It does so by randomly generating random numbers $p$ and $q$ so long until both of them pass a primality test. I did not fully reverse the primality test but I have a strong suspicion that it is Miller-Rabin

The (probable-) primes $p$ and $q$ are then used to find

n = pq

d \equiv e^{-1}\quad(\text{mod } \varphi(n))

where $\varphi(n) = (p-1)(q-1)$ and $e = 0\text{x}10001$ Giving the private key $(n, d)$ and the public key $(n, e)$ .

Now we know that the following line of code in encrypt

pow_mod(mystery, key, &d, &n);

which is equivalent to the operation

\text{mystery} \equiv (\text{key|counter|nonce})^{d}\quad(\text{mod } n)

encrypts the concatenation of key, counter and nonce using the RSA private-key $(n, d)$ . Due to the properties of RSA, the original ChaCha20 key, counter and nonce can then be recovered from mystery by calculating

\text{key|counter|nonce} \equiv (\text{mystery})^{e}\quad(\text{mod } n)

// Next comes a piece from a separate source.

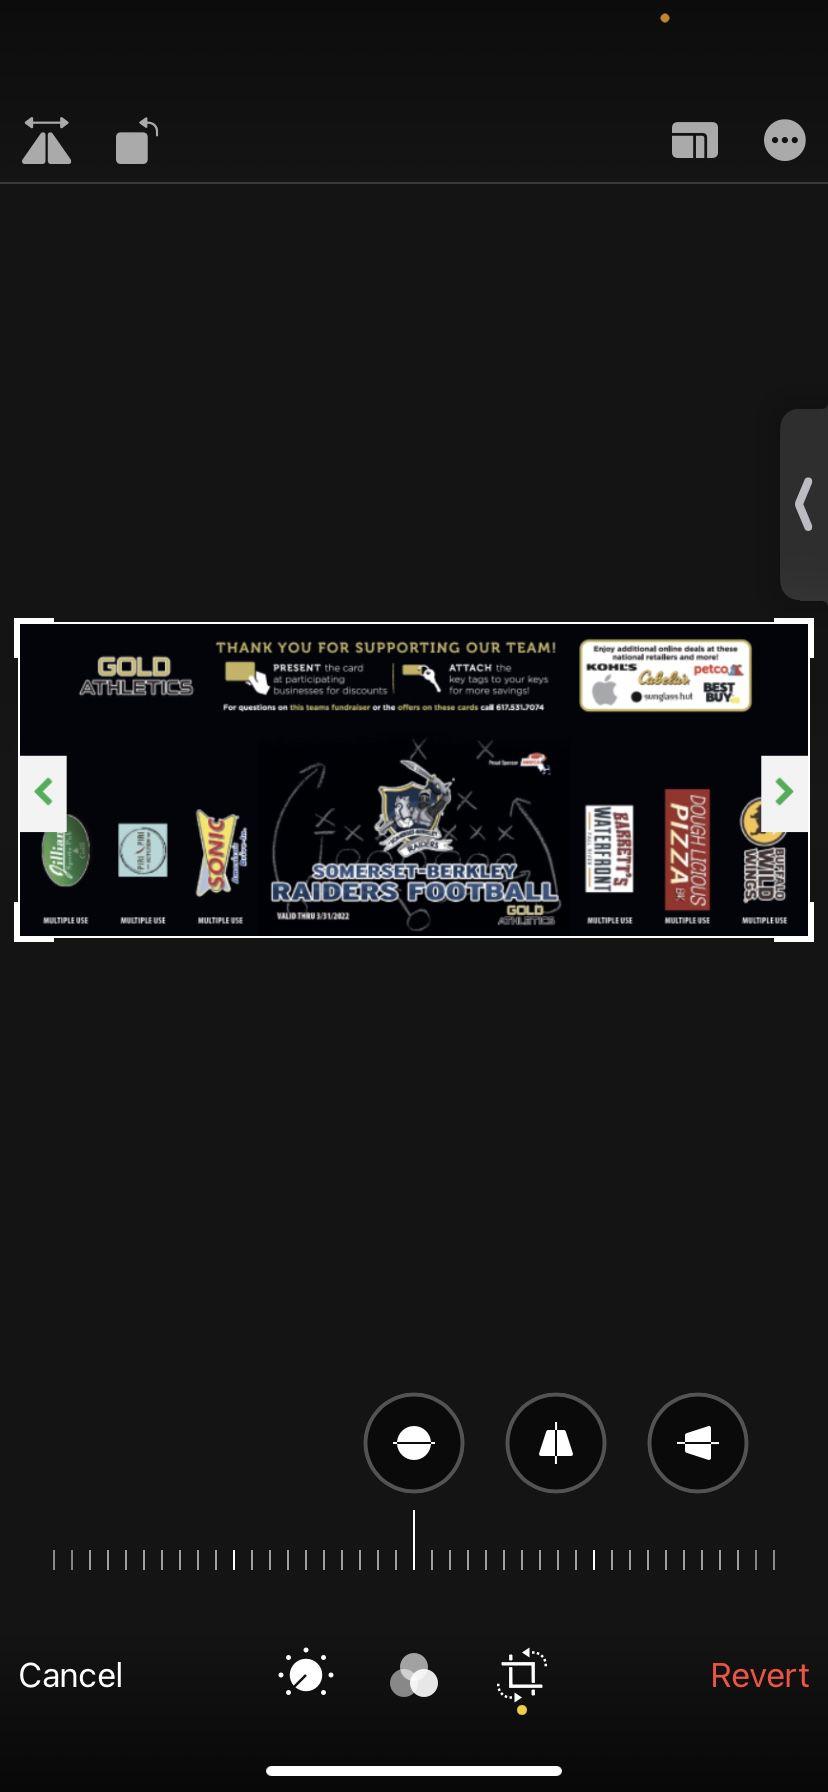 Discount Card For Somerset Berkley Football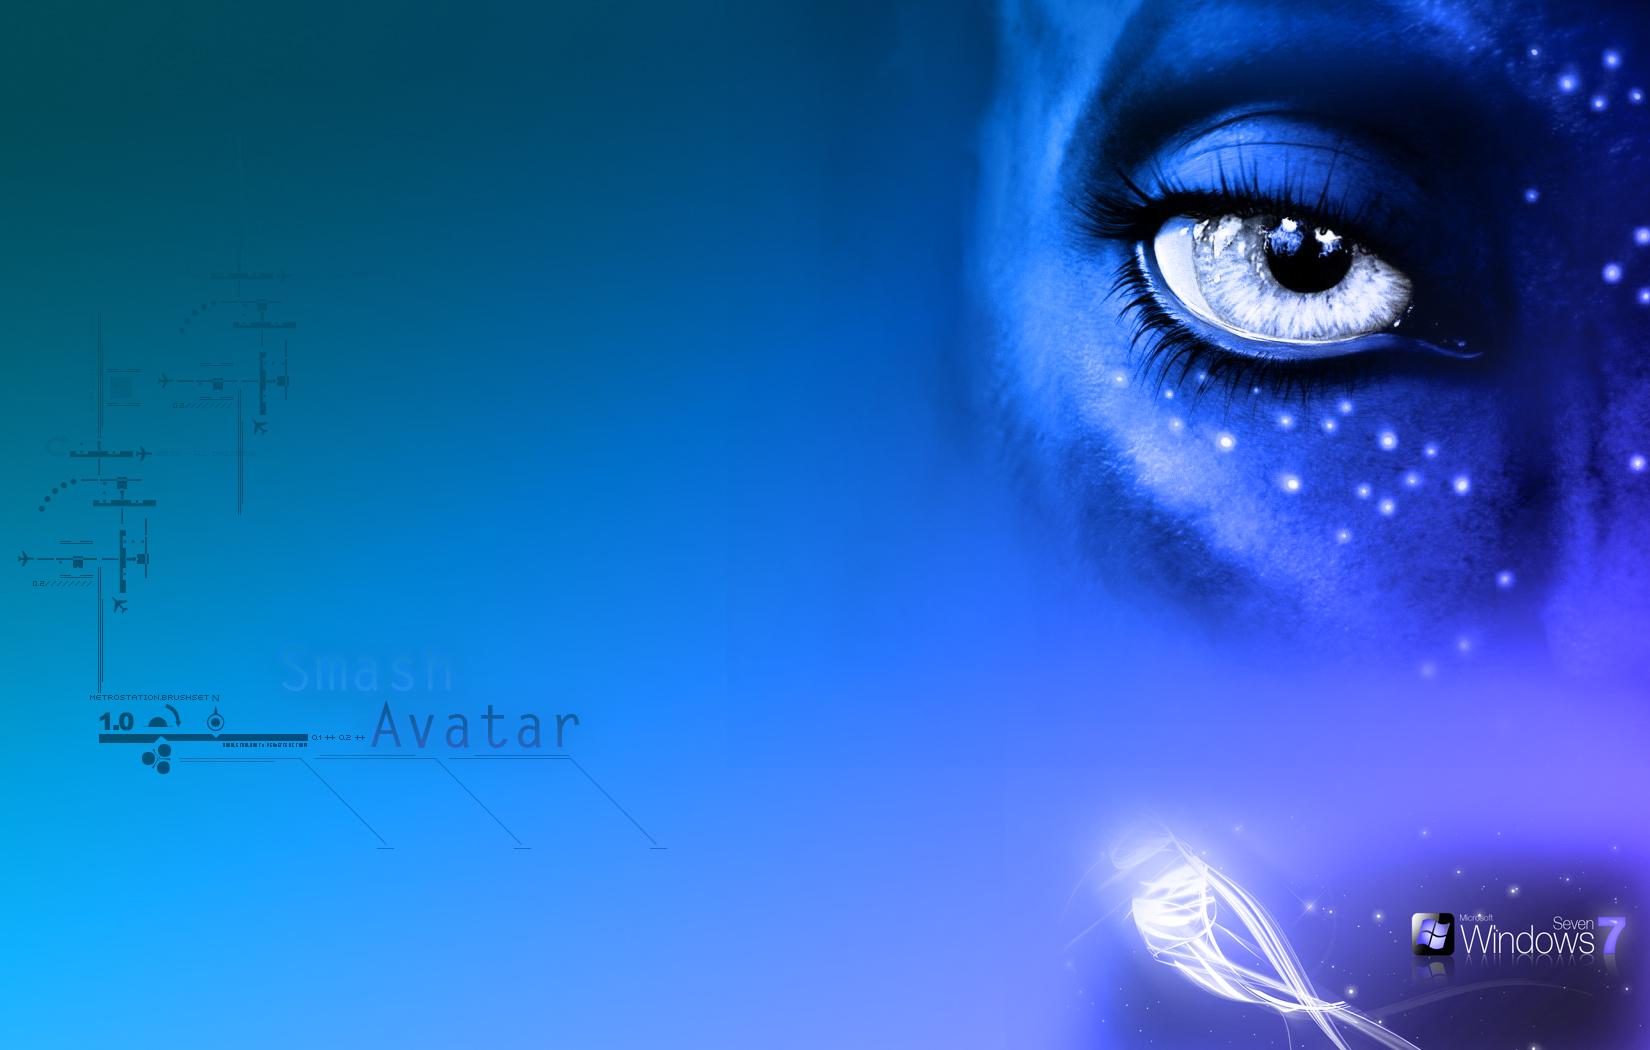 Avatar Wallpaper Windows 7 By Ashleysmash On Deviantart

The function encrypt appends the values of $n$ and mystery as a hex string to the decrypted file data. Additionally the value of the exponent $e$ is known to be 0x10001. Therefore we have all the necessary information to recover the ChaCha20 key, counter and nonce that were used to encrypt the file data. This allows us to finally decrypt the Chacha20-encrypted data.

Putting it all together

With all the above information in hand, it is now possible to decrypt the contents of SuspiciousFile.txt.Encrypted through the following steps:

find the values of $n$ and mystery located after the encrypted data in SuspiciousFile.txt.Encrypted
perform the computation of $\text{mystery}^{e}(\text{mod } n)$ to recover the key|counter|nonce
decrypt the file data using ChaCha20-Encryption with the recovered key, counter and nonce

For this I wrote the following python script:

File: decrypt.py

from Crypto.Cipher import ChaCha20

# open the suspicious text file and read in its contents
with open("SuspiciousFile.txt.Encrypted", "rb") as thing:
    material = bytearray(thing.read())

# define helper function that splits the indexable object `it` at index `idx`
split = lambda it, idx : (it[:idx], it[idx:])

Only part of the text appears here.